# I miss EA Games Janes WW2 Fighters



## oakarff22 (Jul 12, 2007)

Has anyone out there in cyberland know of or hear that EA Games is re-releasing it's late 90's Computer Sim Janes WW2 Fighters? All in All, I thought it was one of the best Flight sims of the time and included a lot of realistic Physical characteristics of the P-51, P-47, P-38, ME-109, FW-190 and ME-262.

Is anyone still playing this sim?

Just askin!


----------



## Njaco (Jul 13, 2007)

You might want to ask this question in the "Avaiation Gaming" section. I know I yearn for the days of "Hellcats Over the Pacific,".


----------



## lastwarrior (Jul 13, 2007)

I also need some updates for that.


----------



## timshatz (Jul 13, 2007)

Agreed. Great game. IL2 is a great series, longer lived than Janes. 

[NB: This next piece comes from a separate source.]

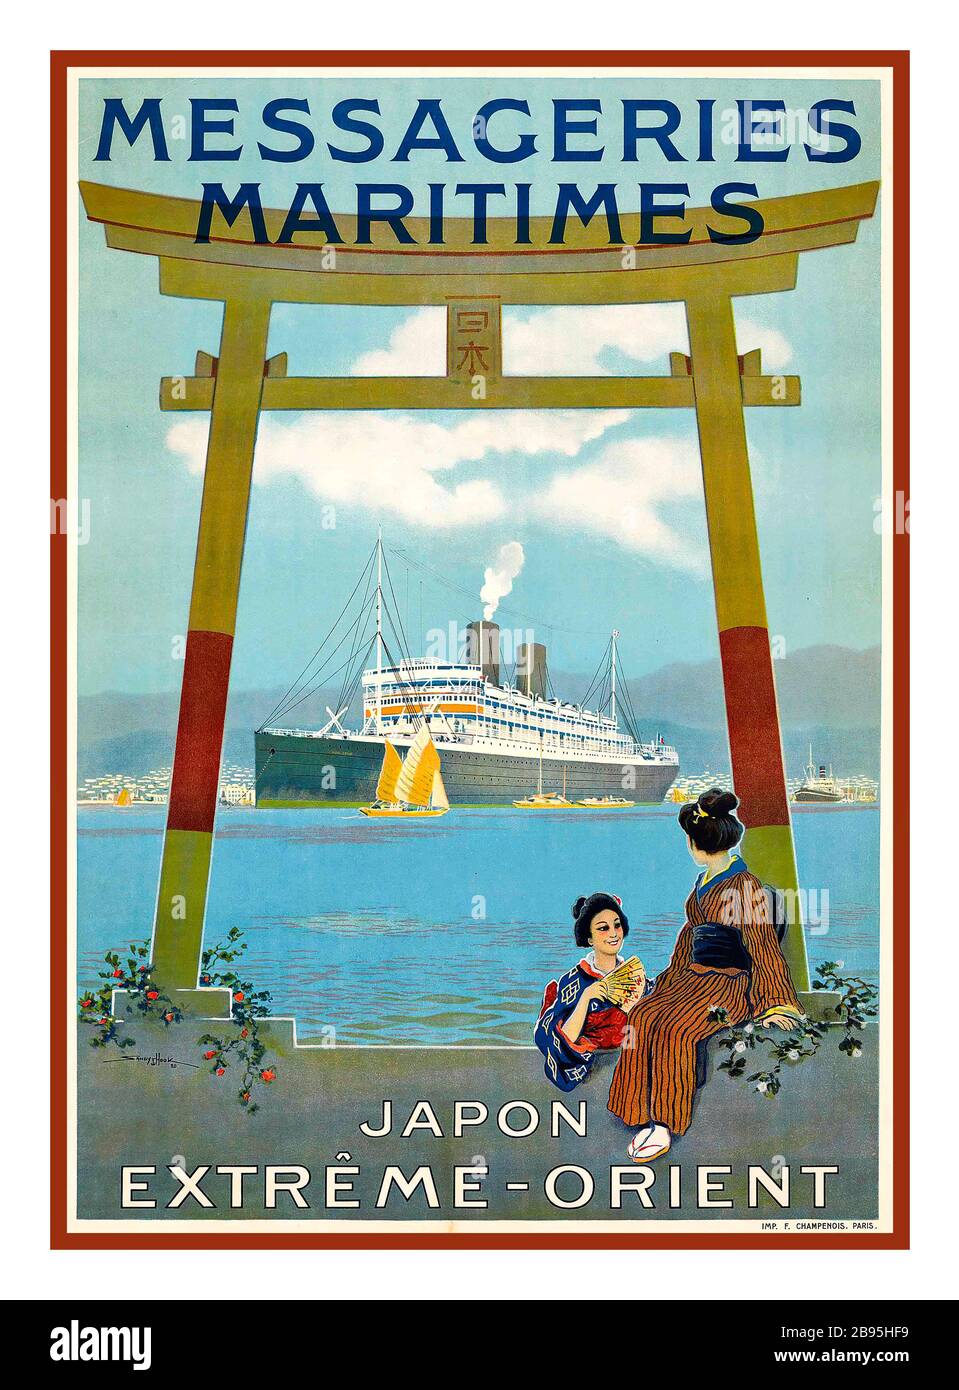 Vintage 1920s Travel Steamship Courier Post Postal Mail Liner poster MESSAGERIES MARITIMES, JAPON lithograph in colours, 1920, printed by F.Champenois, Paris, maritime couriers Japan extreme-orient (Georges Taboreau, 1879-1960) Stock Photo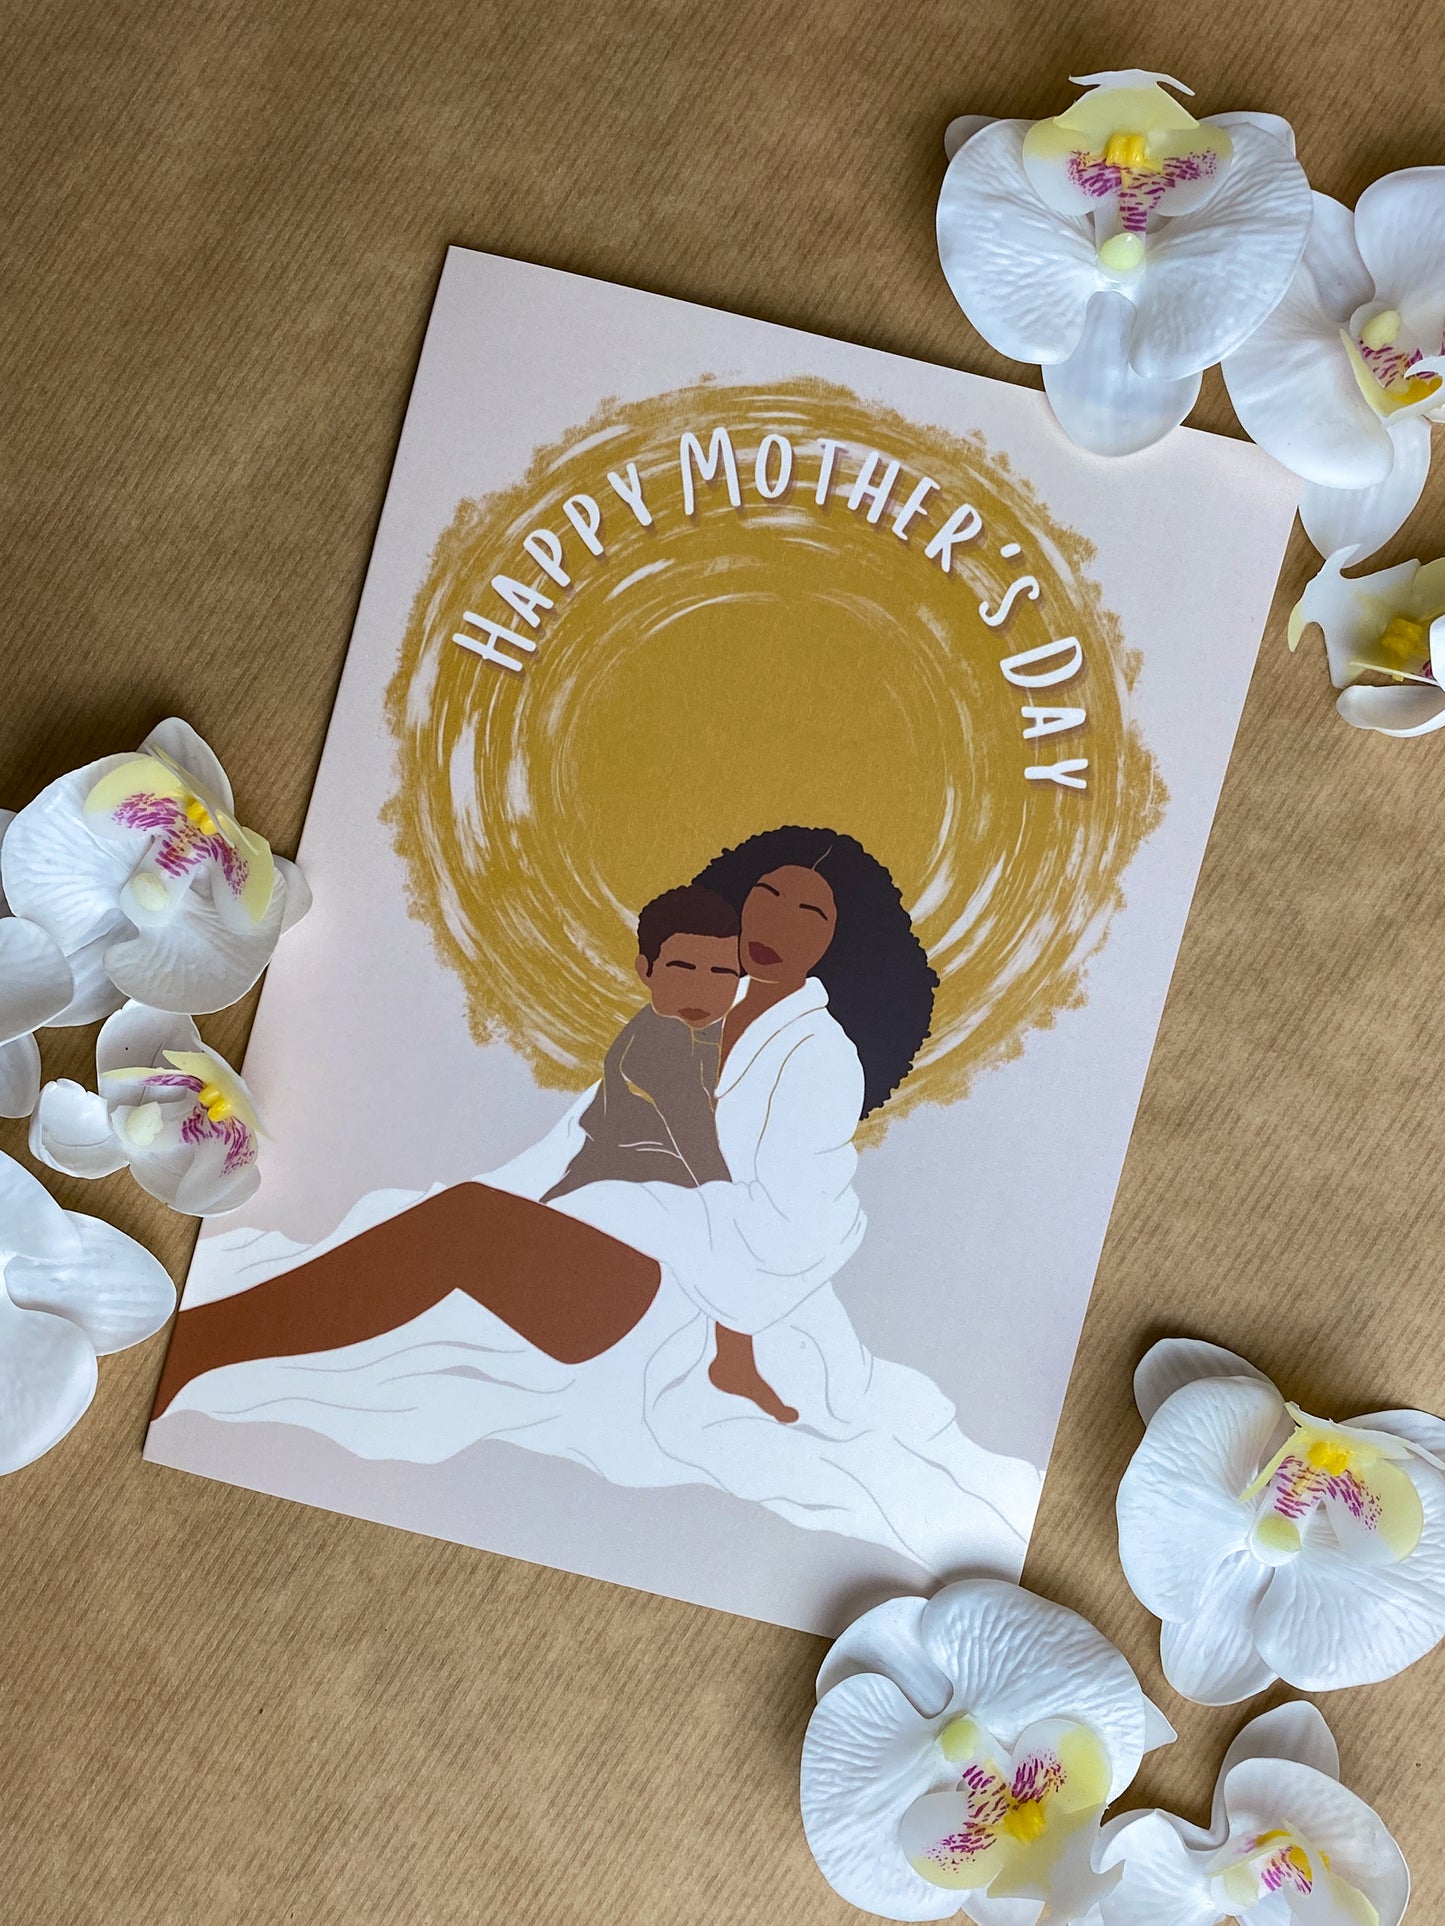 Mixed Race / Black - Boy Mum Mother & Child - Mother’s Day Card - Black Queen - Mom Mama Tiana

I think Janes just bailed from the whole scene. I don't think they sold as many as they wanted to. Also had one for the US Air Force. Pretty good games.


----------



## R-2800 (Jul 14, 2007)

I still play it on ouer old computer Great Game play it all the time!


----------



## SoD Stitch (Jul 14, 2007)

Yes, great game; still play it all the time (at least once a week; I prefer the Axis missions). 

I also have the even-older Fighters Anthology from the early '90's, which includes Navy Fighters and ATF Gold. And I actually like WWII Fighters better than MS's Combat Flight Simulator 3, which is set in similar circumstamces.


----------